When you add the advisor tool to your tools array, the executor model determines when to call it, like any other tool. When the executor invokes the advisor:

The executor emits a server_tool_use block with name: "advisor" and an empty input. The executor signals timing, and the server supplies context.
Anthropic runs a separate inference pass on the advisor model server-side. The advisor runs under its own Anthropic-supplied system prompt and receives the executor's full transcript as quoted context in its input. That transcript includes your system prompt, the tool definitions, the prior turns and tool results, and the text the executor has produced so far in this turn.
The advisor's response returns to the executor as an advisor_tool_result block.
The executor continues generating, informed by the advice.

All of this happens inside a single /v1/messages request, with no extra round trips on your side. The exception is a turn that pauses mid-call, which you resume with a follow-up request (see Resuming a paused turn).

The advisor itself runs without tools and without context management. Its thinking blocks are dropped before the result returns.
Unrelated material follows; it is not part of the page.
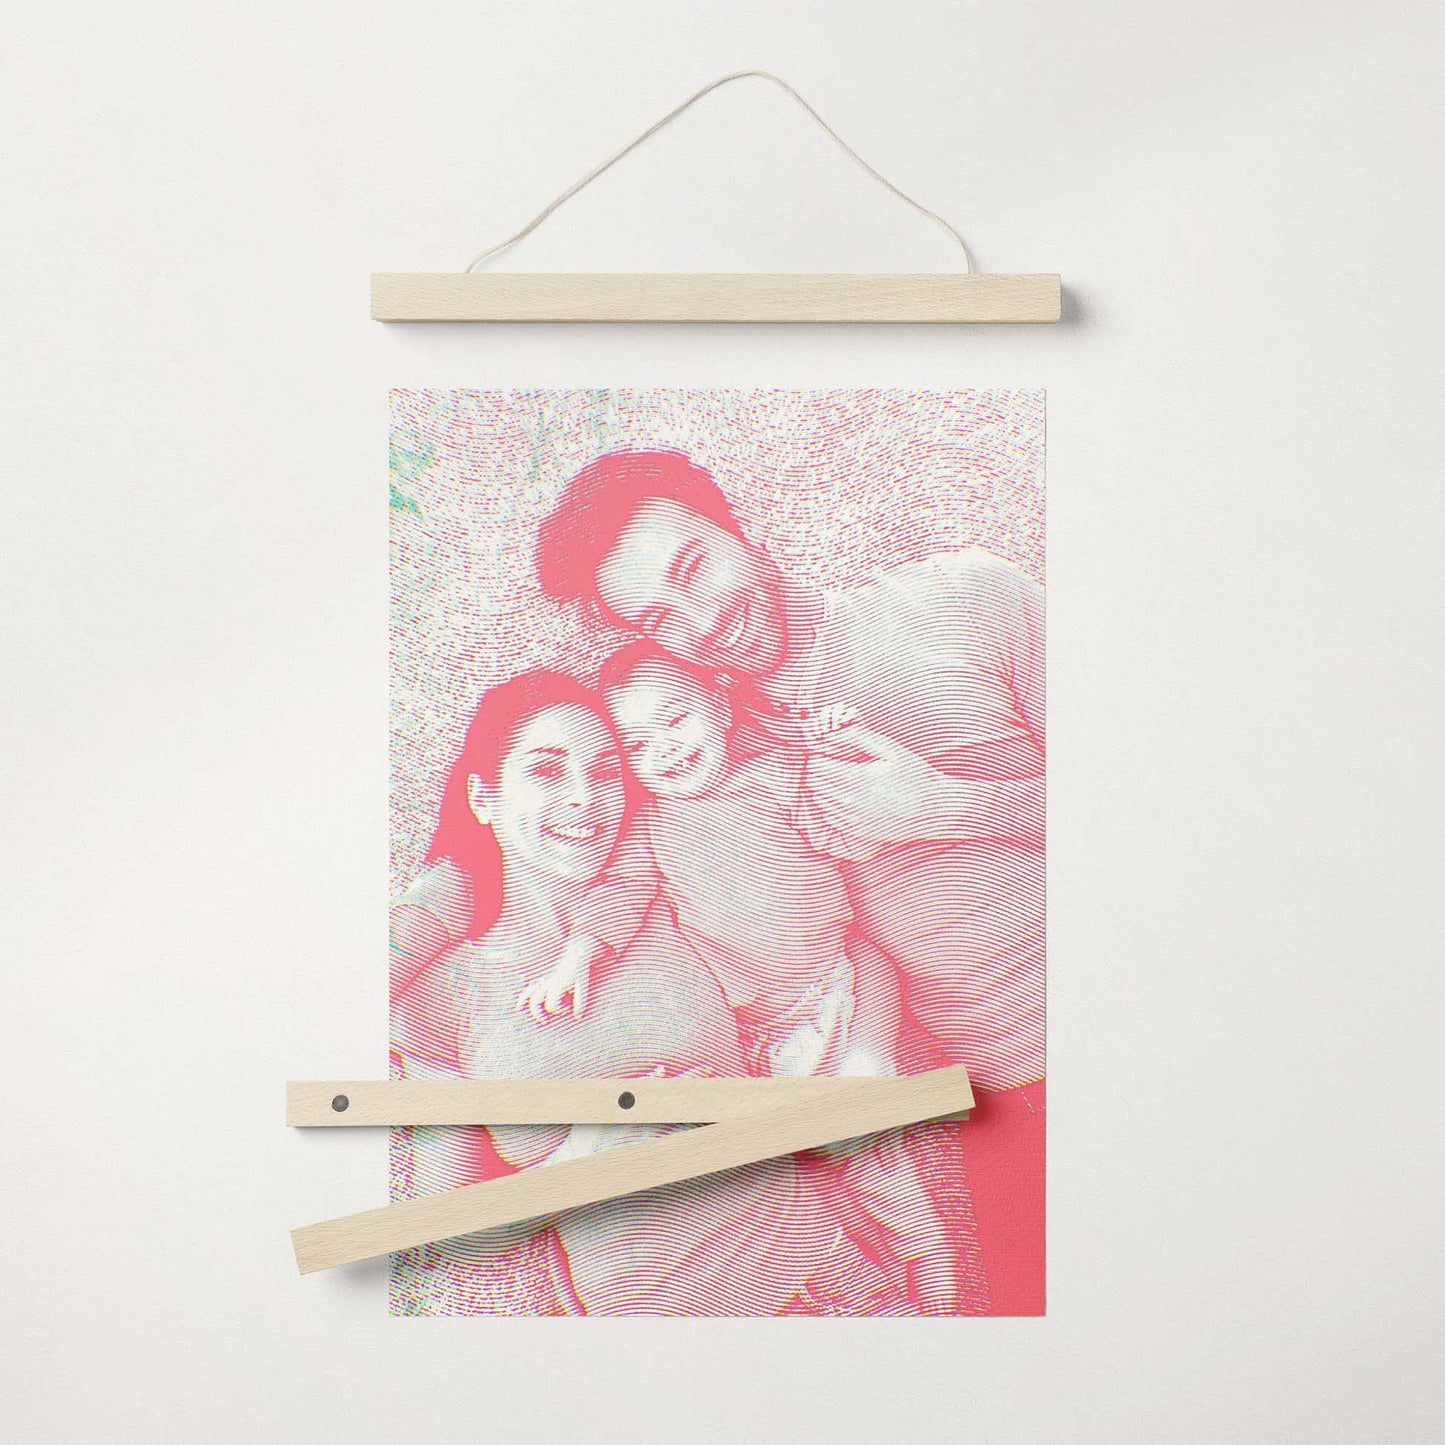 Share Joy and Laughter: Our Personalised Pink Engraving Poster Hanger makes a wonderful gift for family and friends. The vibrant colors and joyful design will bring smiles and laughter to their faces

Only the advice text reaches the executor.

Tool parameters

Parameter	Type	Default	Description
`type`	string	required	Must be `"advisor_20260301"`.
`name`	string	required	Must be `"advisor"`.
`model`	string	required	The advisor model ID, such as claude-opus-4-8. Billed at this model's rates for the sub-inference.
`max_uses`	integer	unlimited	Maximum number of advisor calls allowed in a single request. Once the executor reaches this cap, further advisor calls return an `advisor_tool_result_error` with `error_code: "max_uses_exceeded"` and the executor continues without further advice. This is a per-request cap, not a per-conversation cap. See Cost control for conversation-level limits.
`max_tokens`	integer	advisor model's output cap	Caps the advisor's total output (thinking plus text) per call. Minimum 1024. See Capping advisor output.
`caching`	object \| null	`null` (off)	Enables prompt caching for the advisor's own transcript across calls within a conversation. See Advisor prompt caching.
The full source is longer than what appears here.